By Chris Hunter | June 10, 2013

The Ideal Customer Profile – Profit by Serving the Right Customers

After creating the business development plan and calculating your daily cash flow break-even point in sales (my previous post), the third thing I believe the smart business owner must know is their ideal customer’s profile.

Many businesses don’t take careful enough aim with their marketing and advertising.  As a consequence, they get the results they do with amazing accuracy. The problem is that the results are often far from ideal. Business owners who carefully define their ideal customer will attract far more of them for lower cost and, arguably, less effort.  The trick is simple – know what you’re looking for.

If you’ve been in business for a while you know not all customers are of equal value.

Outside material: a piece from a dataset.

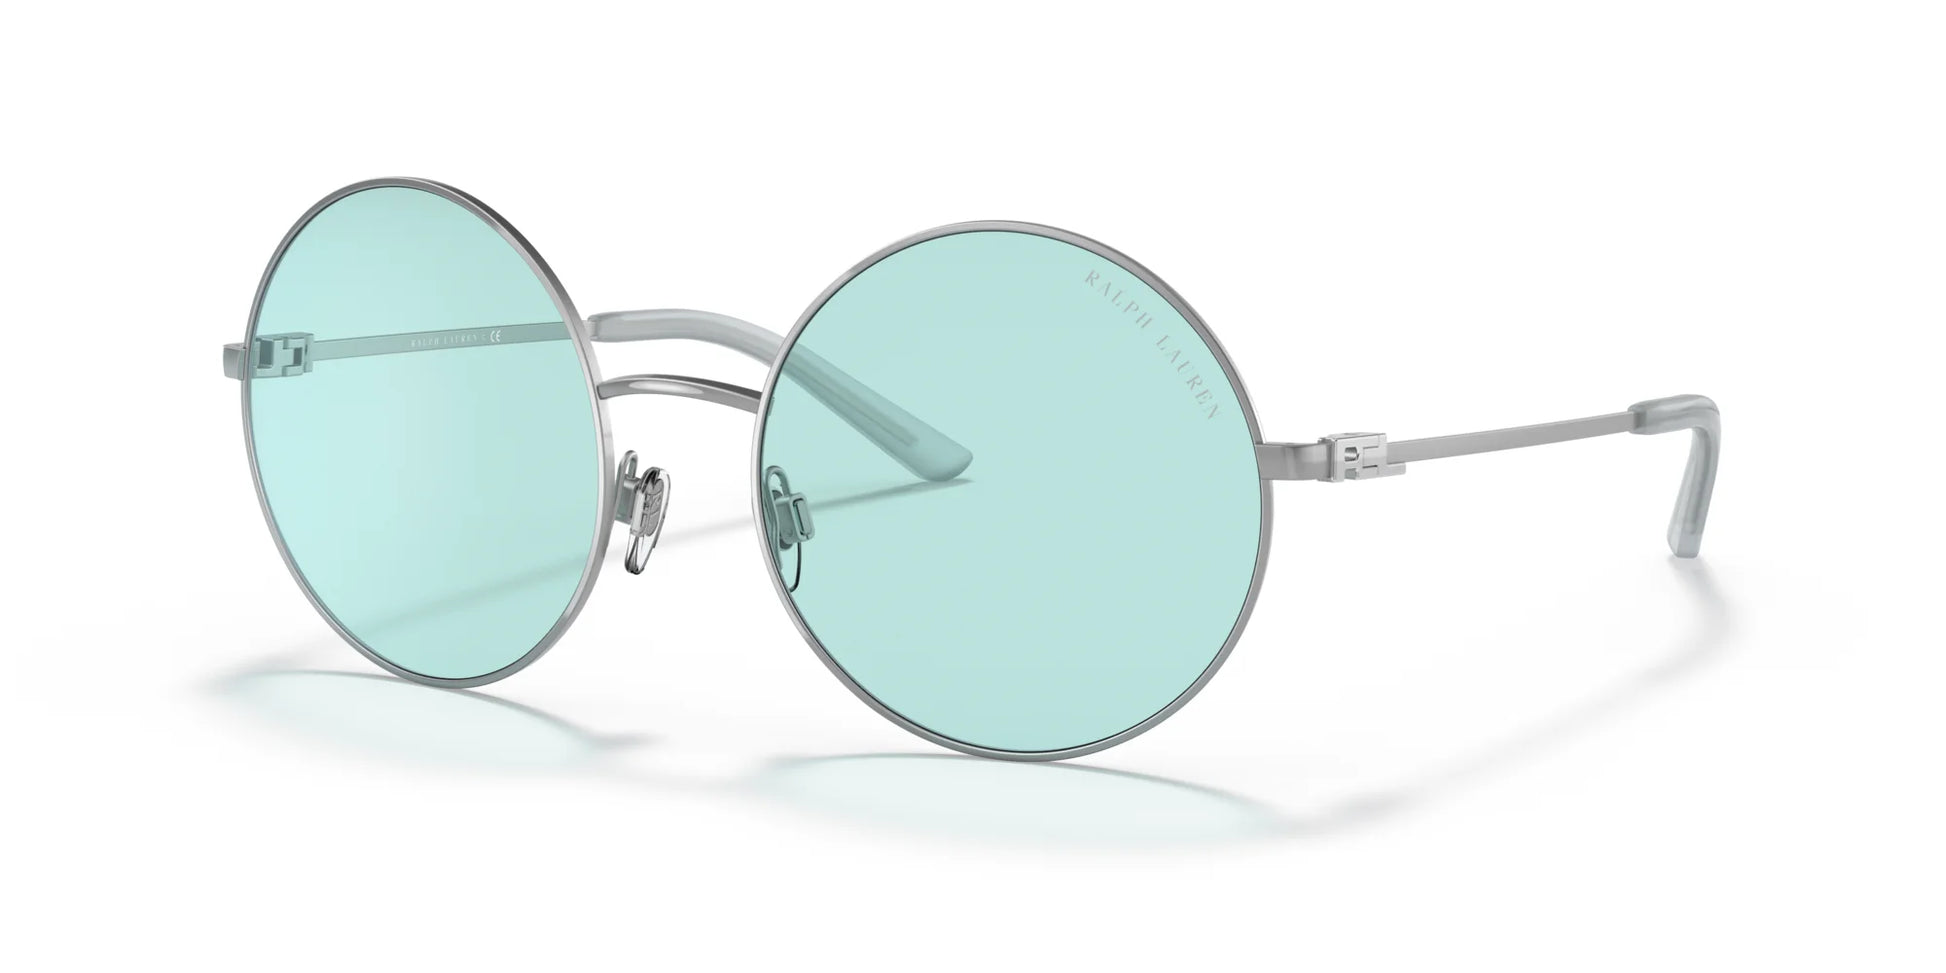 Ralph Lauren RL7072 Sunglasses Shiny Sanded Silver / Light Turquoise

The questions are who are your best customers and why? How do you know your marketing and selling activities are yielding more customers like your best customers? These questions underlie the need to clearly define your ideal customer profile. Look for common demographic patterns among your most-profitable customers. This could include items like where they live, their age and other items you’ve anecdotally gleaned during the course of regular conversation. (Caution: Note that your favorite customers are not necessarily your most profitable customers. You’ll likely need to spend some time figuring out just who are your most profitable customers. This work is as much a matter of the head as it is of the heart.) Although varying business-to-business, we suggest an ideal customer profile contain specific, observable attributes that have proven to produce both profitability and joy for you – the business owner.

For a management consultant like myself, here are some of the ideal customer profile characteristics I believe important to my personal and client’s success:

  • Client is willing to listen to advice and are warm and personable
  • Business has a potential for product or service differentiation through innovative marketing
  • Business has a scope for improved productivity through innovative management planning and control
  • Business owner and employees are technically competent.  (e.g. I don’t know how to help a cabinet maker make a better cabinet.  My role is to help this client build a better cabinet-making business.)
  • Client can refer other businesses

Bottom line?  Unless you’re pursuing customers who fit your ideal customer profile, you’re likely growing a business filled with sub-profitable customers.